What is needed -
Retype, word for word, every line of the records below starting at the one that contains "Indulge in luxury" and ending at the one that contains "#RaisaaJewels #JewelleryLovers"; include both of those lines and nothing more.

Provided records -
'''

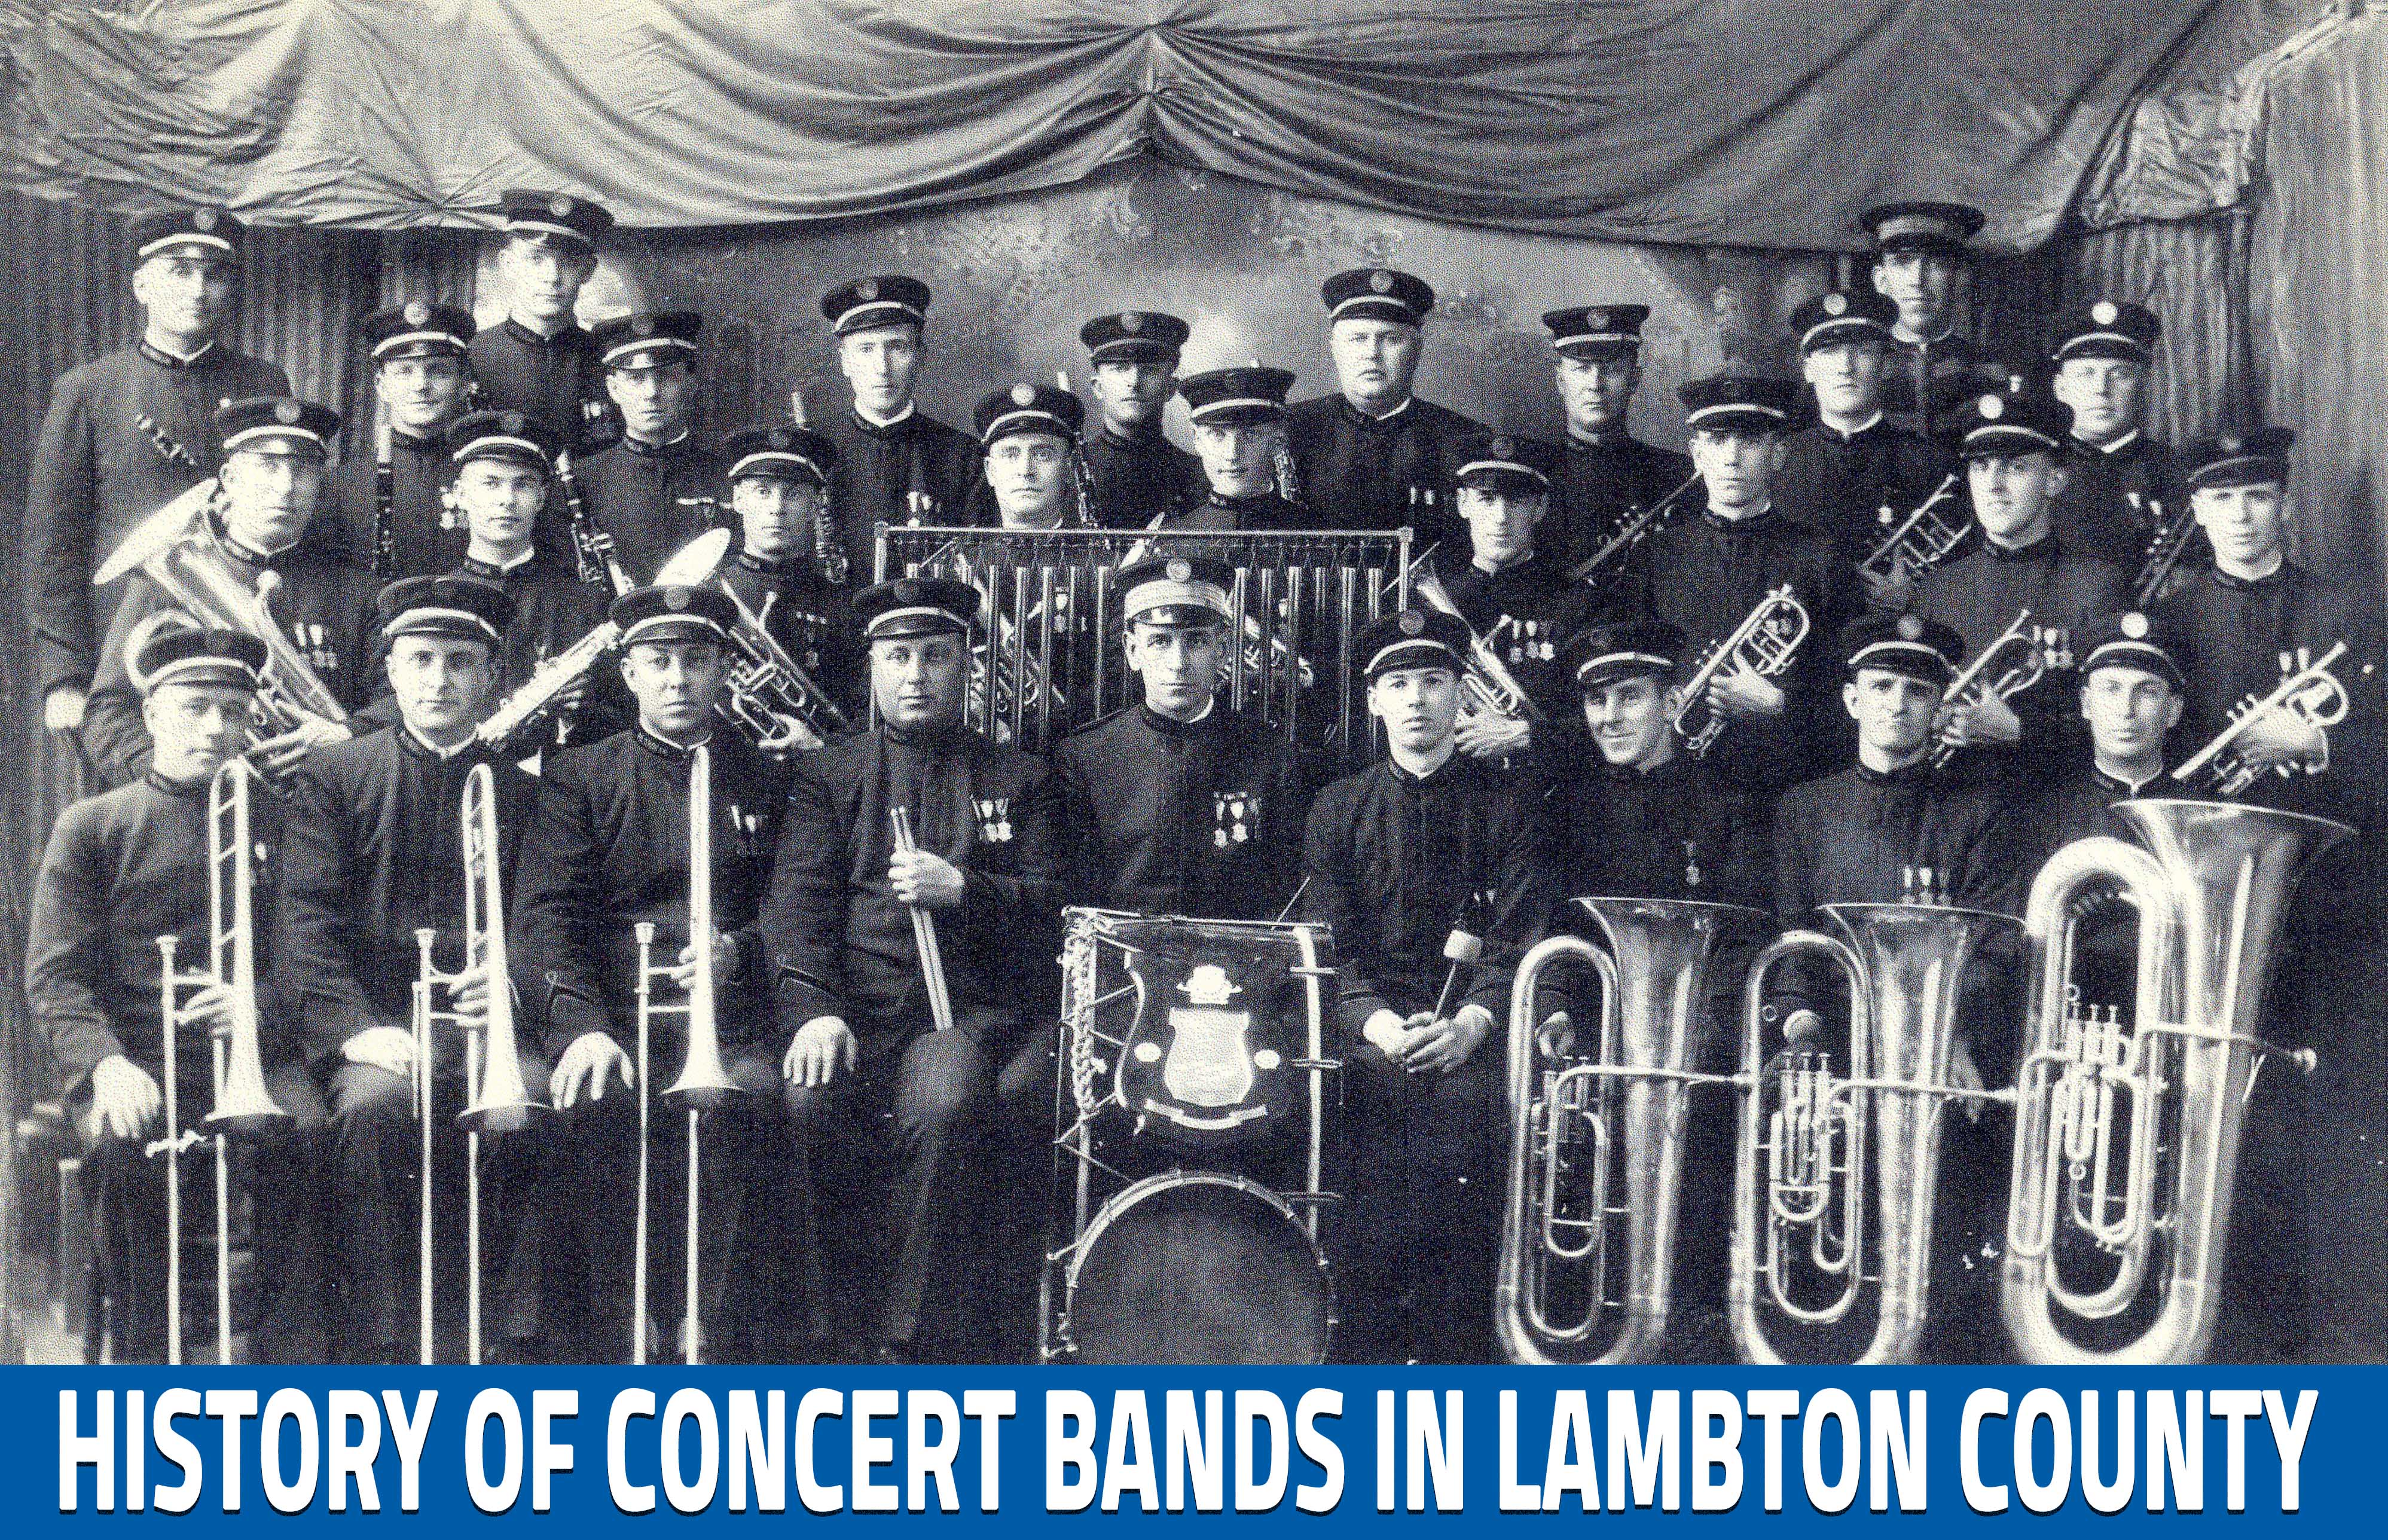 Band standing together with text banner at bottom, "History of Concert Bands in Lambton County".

'''
'''

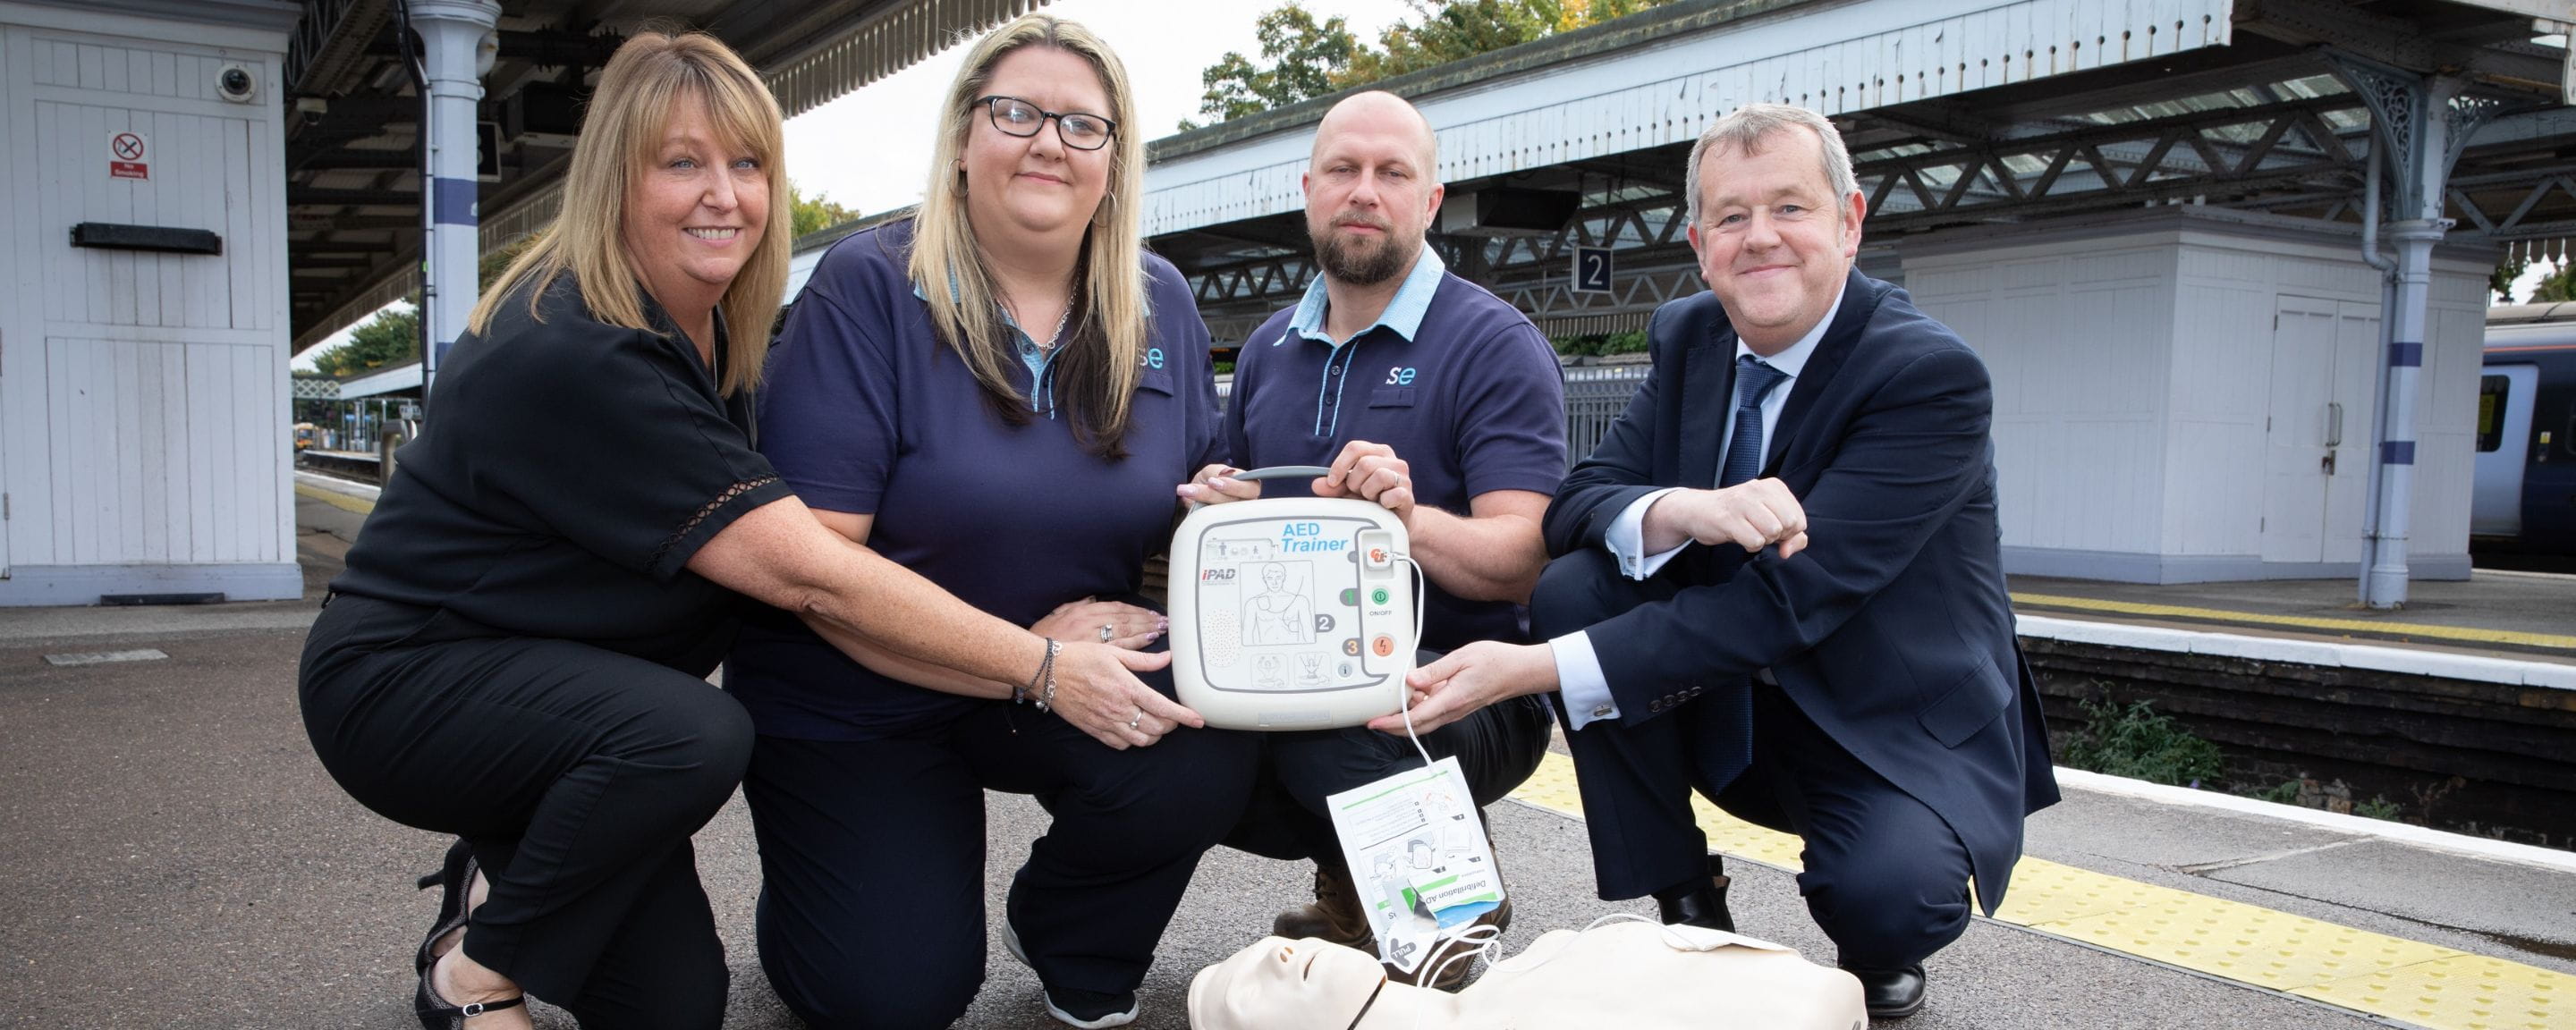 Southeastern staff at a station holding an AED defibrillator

'''
'''

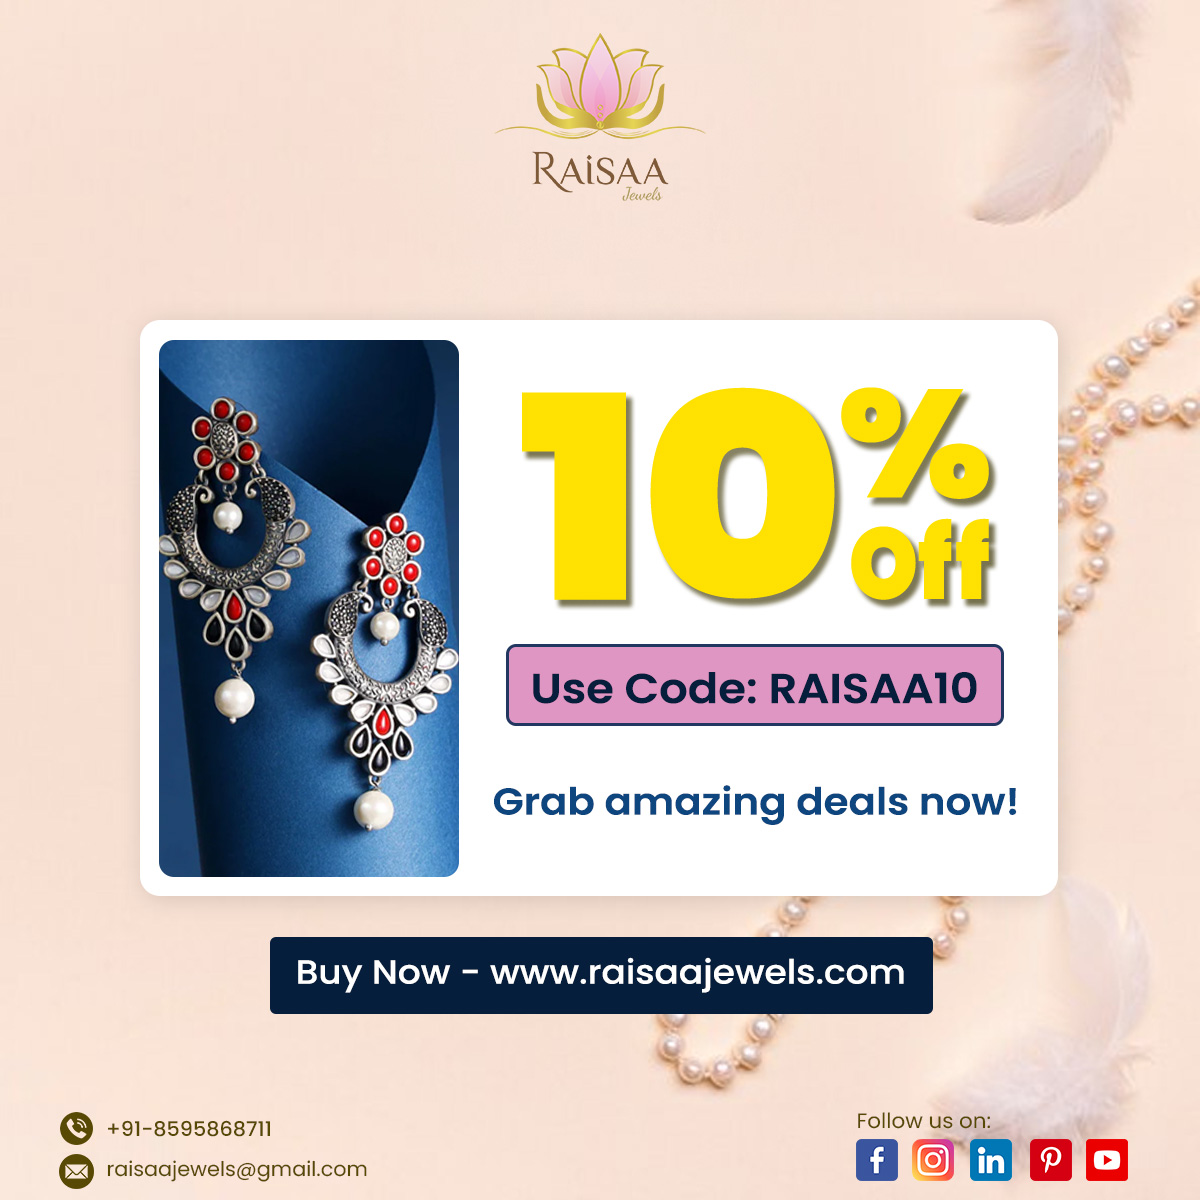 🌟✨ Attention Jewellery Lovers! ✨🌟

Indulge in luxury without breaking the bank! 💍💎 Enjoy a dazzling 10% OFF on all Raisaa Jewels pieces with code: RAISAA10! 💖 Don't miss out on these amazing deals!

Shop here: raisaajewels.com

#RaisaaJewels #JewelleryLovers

'''

Response area -
Indulge in luxury without breaking the bank! 💍💎 Enjoy a dazzling 10% OFF on all Raisaa Jewels pieces with code: RAISAA10! 💖 Don't miss out on these amazing deals!

Shop here: raisaajewels.com

#RaisaaJewels #JewelleryLovers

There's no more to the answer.